> _Data extract_
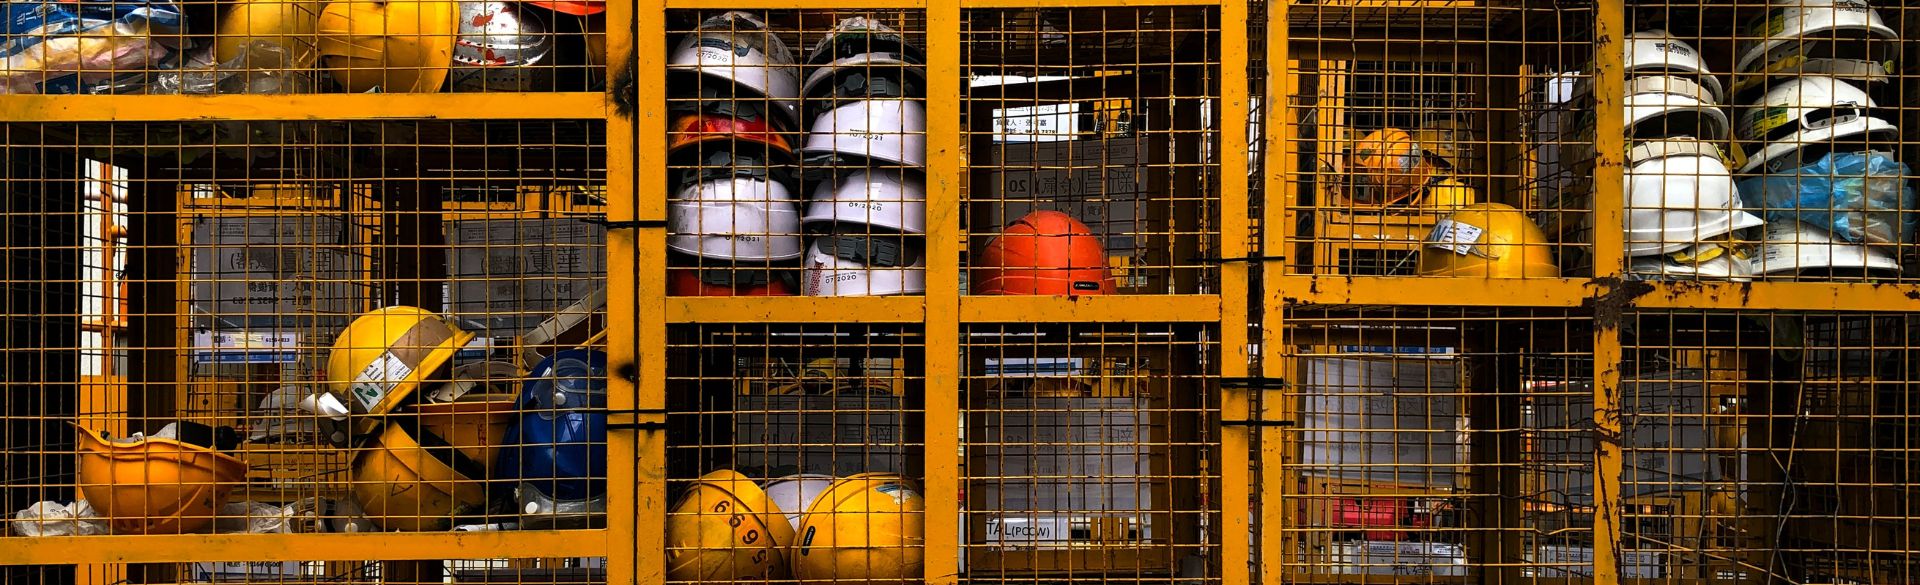 Hard hats in netted cabinet
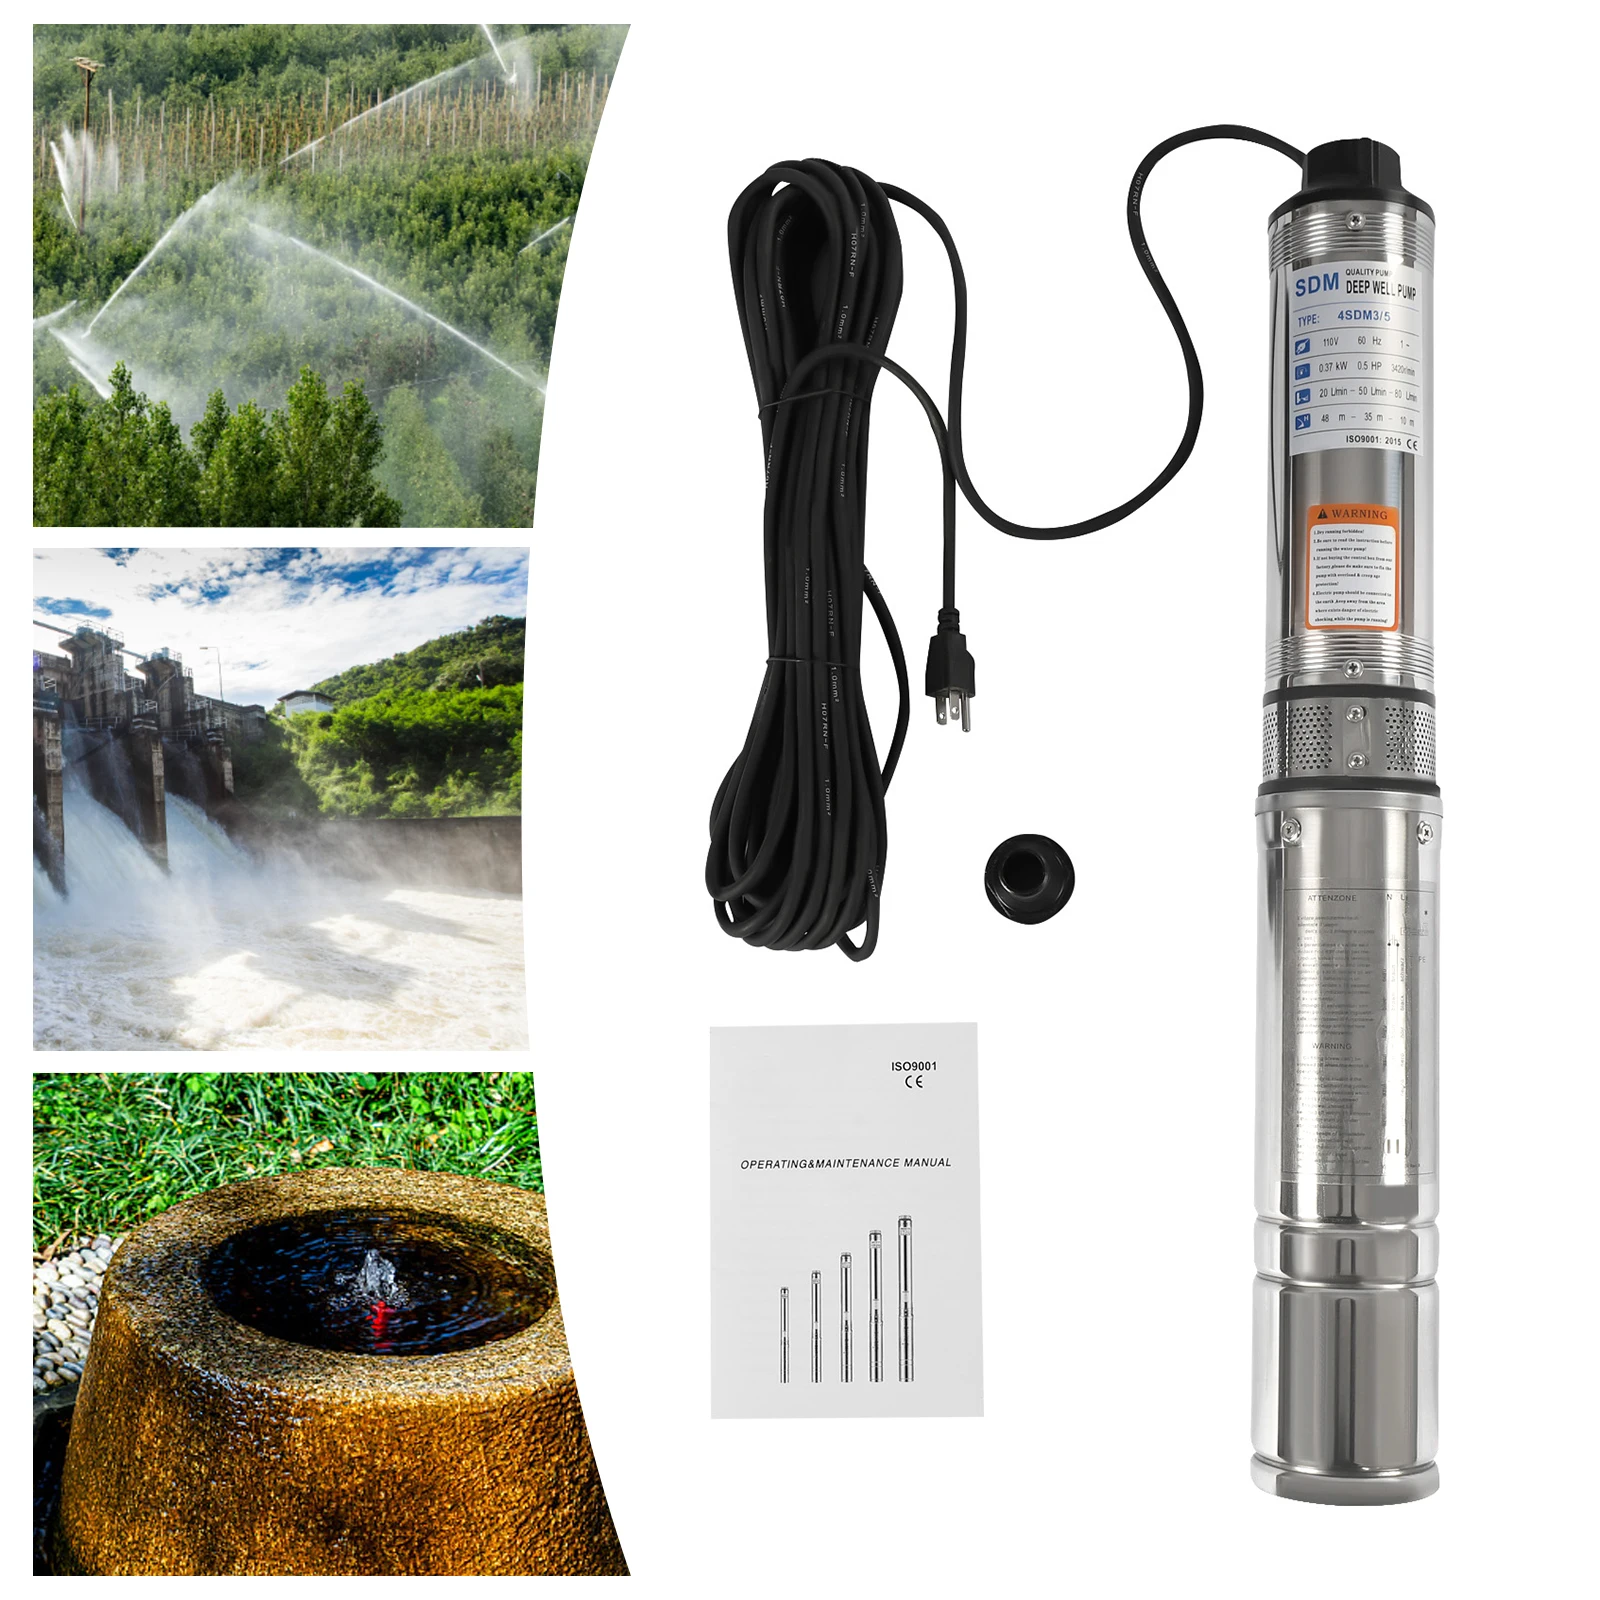 

Submersible Pumps OD Pipe 110V/60HZ 0.37KW 0.5HP Stainless Steel submersible well pump 1.25" Outlet Submersible Bore Pump submer
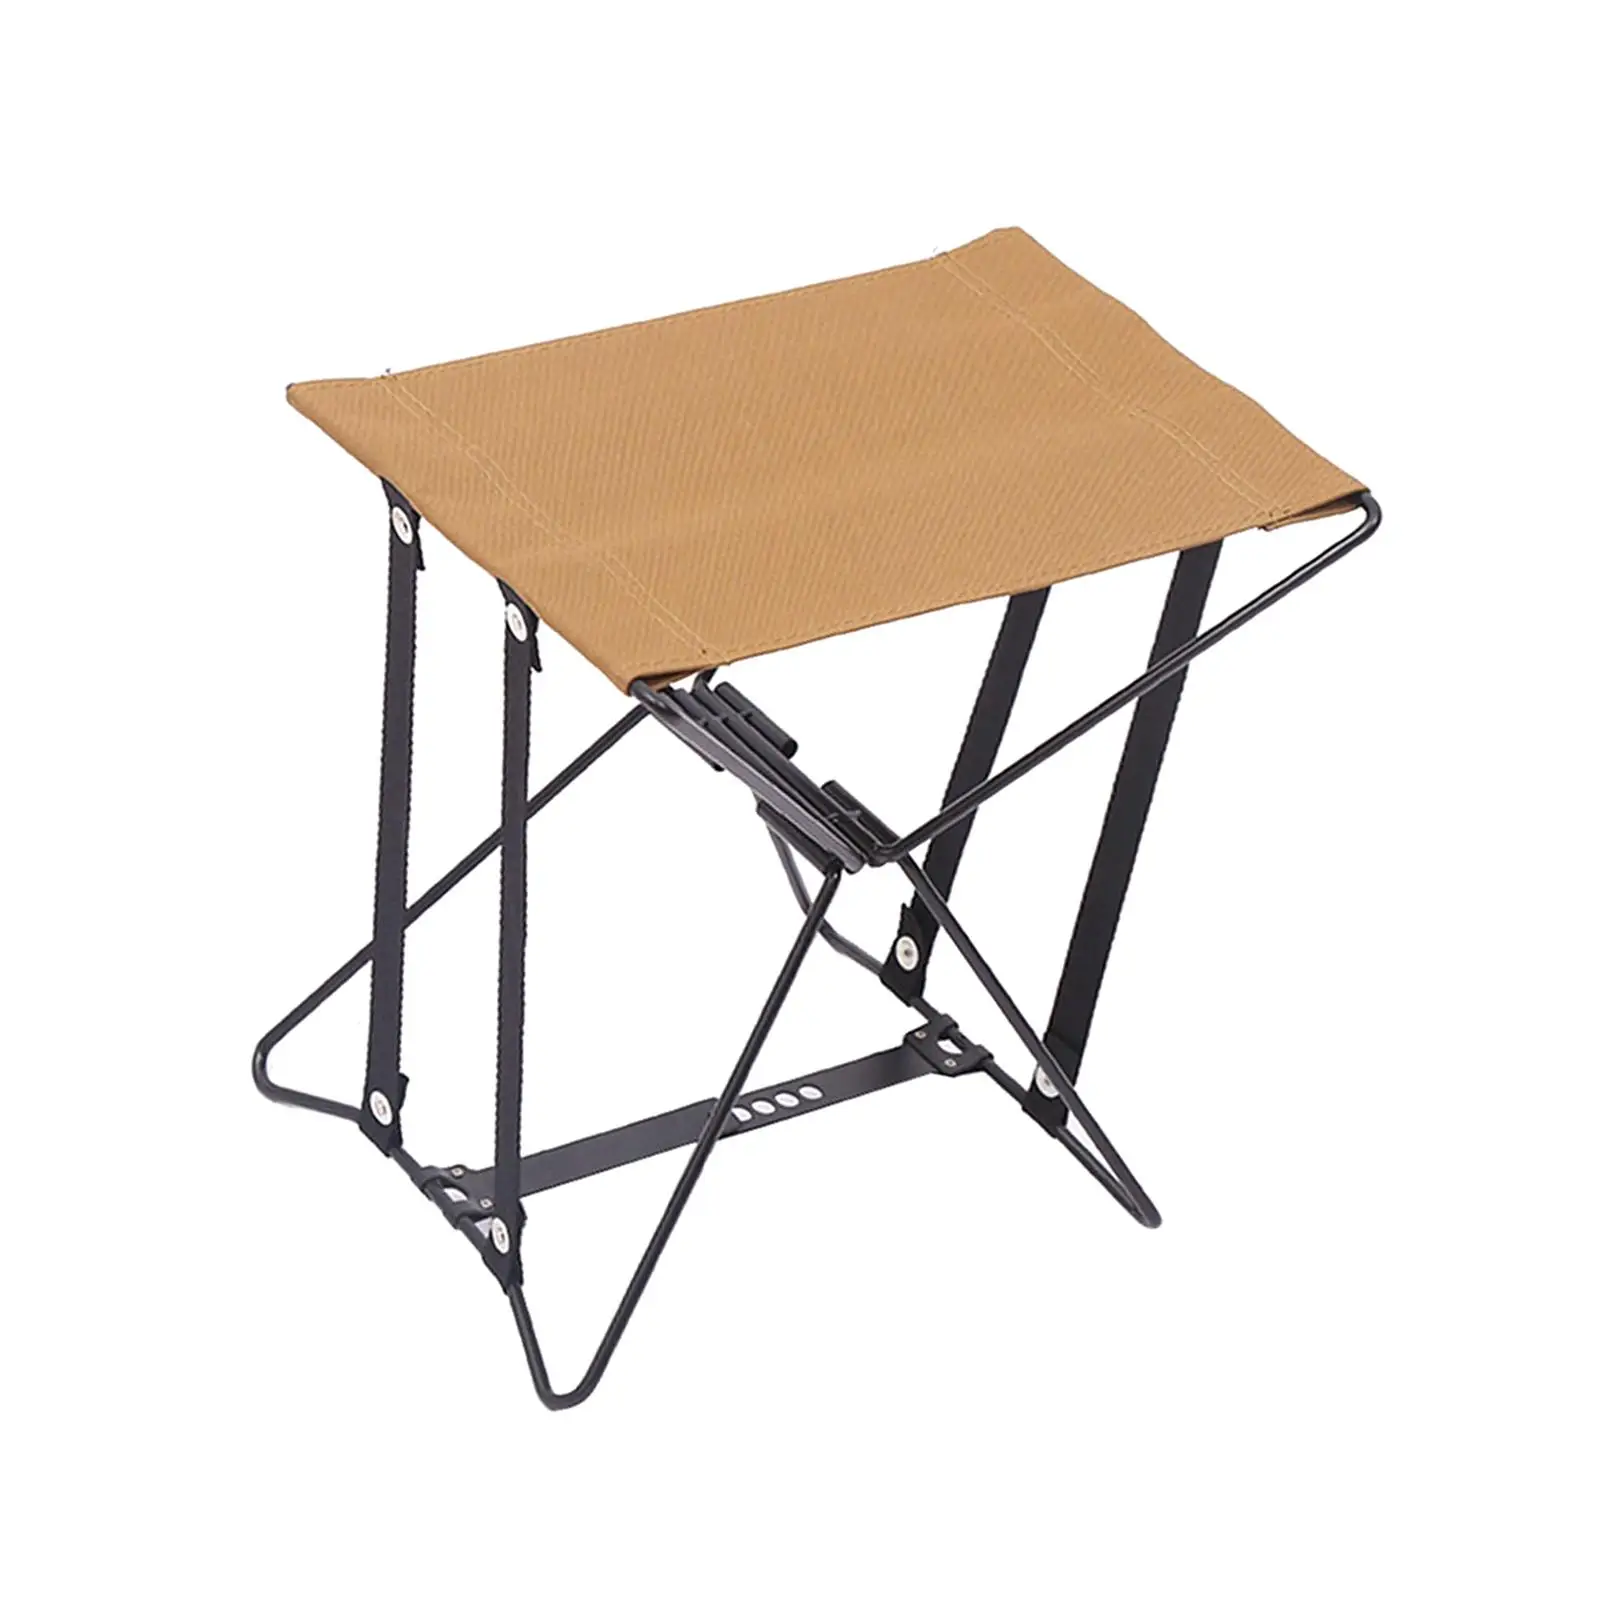 Portable Folding Stool Lightweight Camping Stool for Sports Concert Picnic
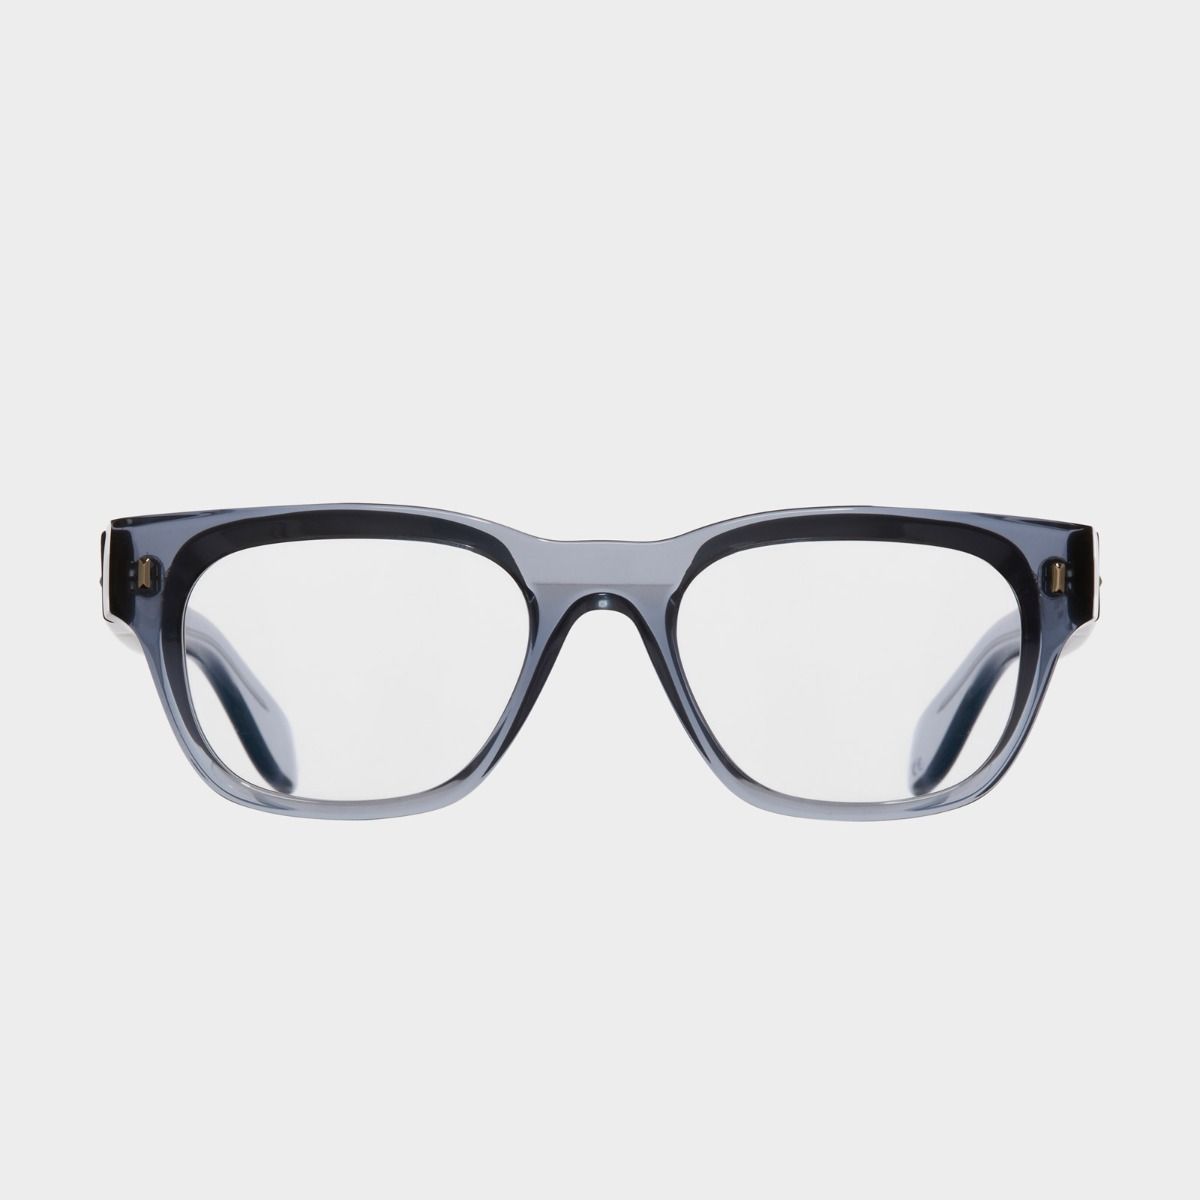 Cutler and Gross, 9772 Optical Square Glasses - Brooklyn Blue

> _What to produce_
Go through the listing and restate each line word for word, leaving out the pictures.

> _Task output_
 Hard hats in netted cabinet

Submersible Pumps OD Pipe 110V/60HZ 0.37KW 0.5HP Stainless Steel submersible well pump 1.25" Outlet Submersible Bore Pump submer
 Portable Folding Stool Lightweight Camping Stool for Sports Concert Picnic
 Cutler and Gross, 9772 Optical Square Glasses - Brooklyn Blue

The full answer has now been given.